The recommendation matrix $R$ in the code snippet above has a tweak: the fourth row does not contain any entries so every item has to be recommended to user 4. Upon inspection of the mean $\mu_{\hat{R}}$ and $\sigma_{\hat{R}}$ we can that the variance in the fourth row in markedly increased:

\[P_{\sigma} = \left( \begin{array}{cccc} 0.000 & 0.001 & 0.000 & 0.000 \\ 0.000 & 0.000 & 0.000 & 0.000 \\ 0.918 & 1.358 & 0.833 & 0.974 \\ 0.001 & 0.001 & 0.000 & 0.000 \\ \end{array}\right)\]

Because the user hasn’t reviewed anything, we cannot leverage any latent structure through the Bayesian Non-Negative Matrix Factorization.

Similarly, when predicting the matrix

\[R = \left( \begin{array}{cccc} 5& 3& 5& 0 \\ 4& 5& 5& 0\\ 3& 0& 0& 0\\ 0& 0& 0& 1\\ 0& 1& 0& 0\\ \end{array} \right)\]

we will obtain a standard deviation matrix $P_{\sigma}$ which has an increased standard deviation for the fourth row and the last column:

\[P_{\sigma} = \left( \begin{array}{cccc} 0 & 0 & 0 & 0.003 \\ 0 & 0 & 0 & 0.005 \\ 0 & 0. & 0 & 0.001 \\ 0.003 & 0.006 & 0.002 & 0.001 \\ 0 & 0 & 0 & 0.001 \\ \end{array} \right)\]

Since user 4 does not share any common likes with any other user the standard deviation is increased for all other movies in the fourth row. Similarly, movie 4 which user 4 reviewed has an increased standard deviation for the other users as not a single other user has seen it.

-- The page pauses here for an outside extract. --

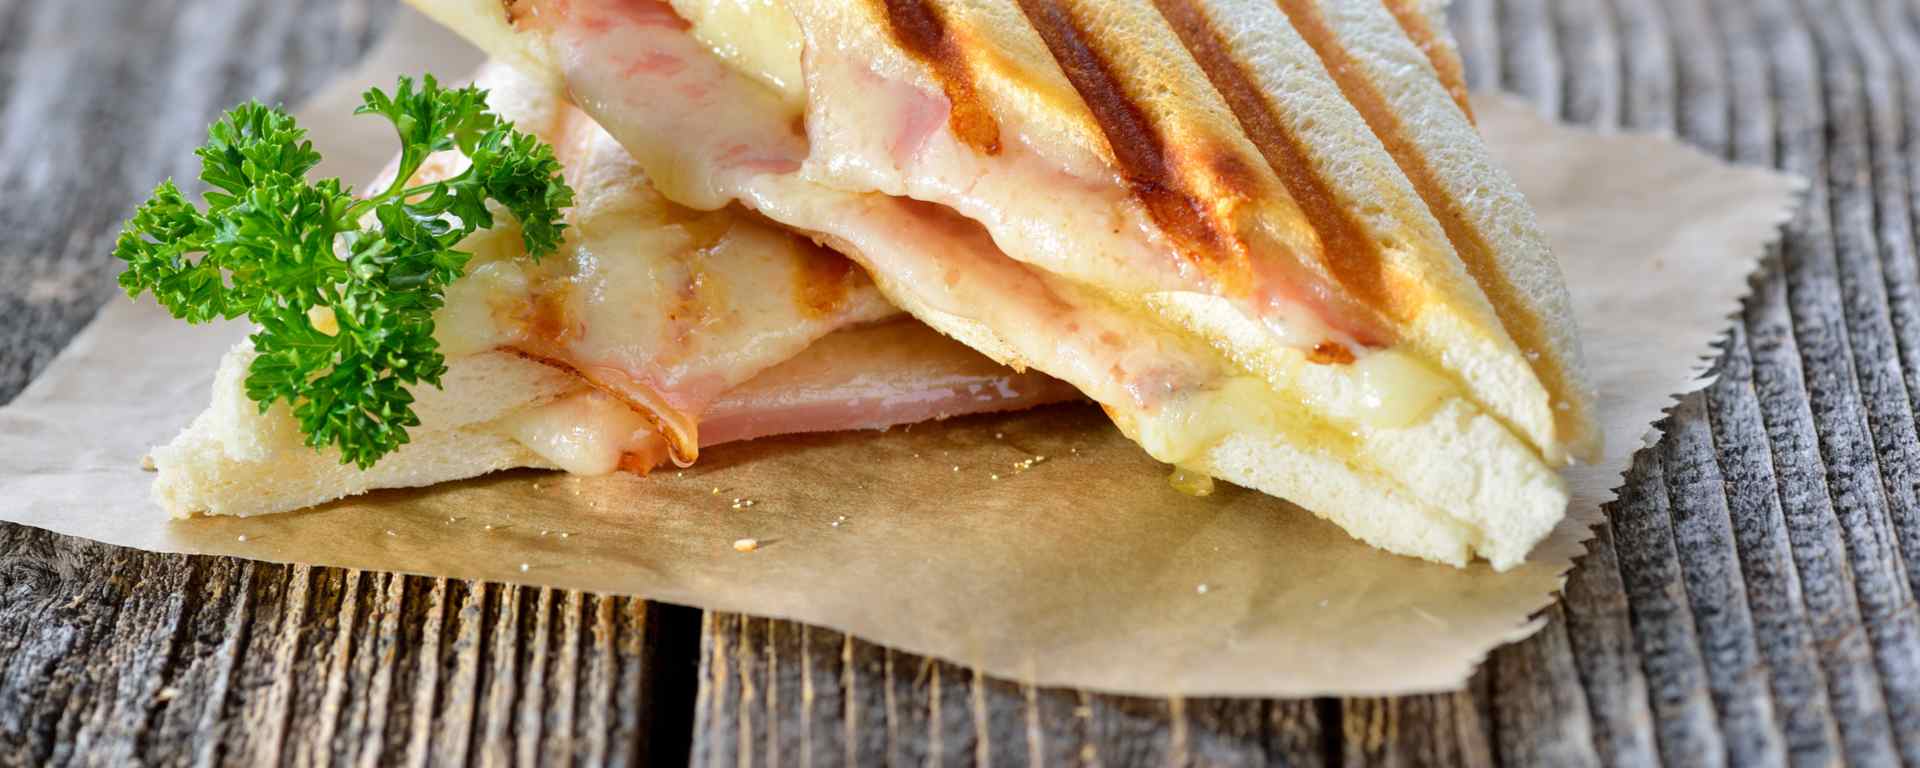 Photo for - Grilled Ham with Brie and Apple

As a closing remark I just want to say that the gradient descent based variational inference approach is not the best approach. Shinichi Nakajima, a member of my lab published an analytic solution which can be somewhat involved. The core motivation of this post was to see whether we could use the reparameterization trick and whether the factorization would exhibit the behaviour which was expected of it with regards to independent entries in $R$.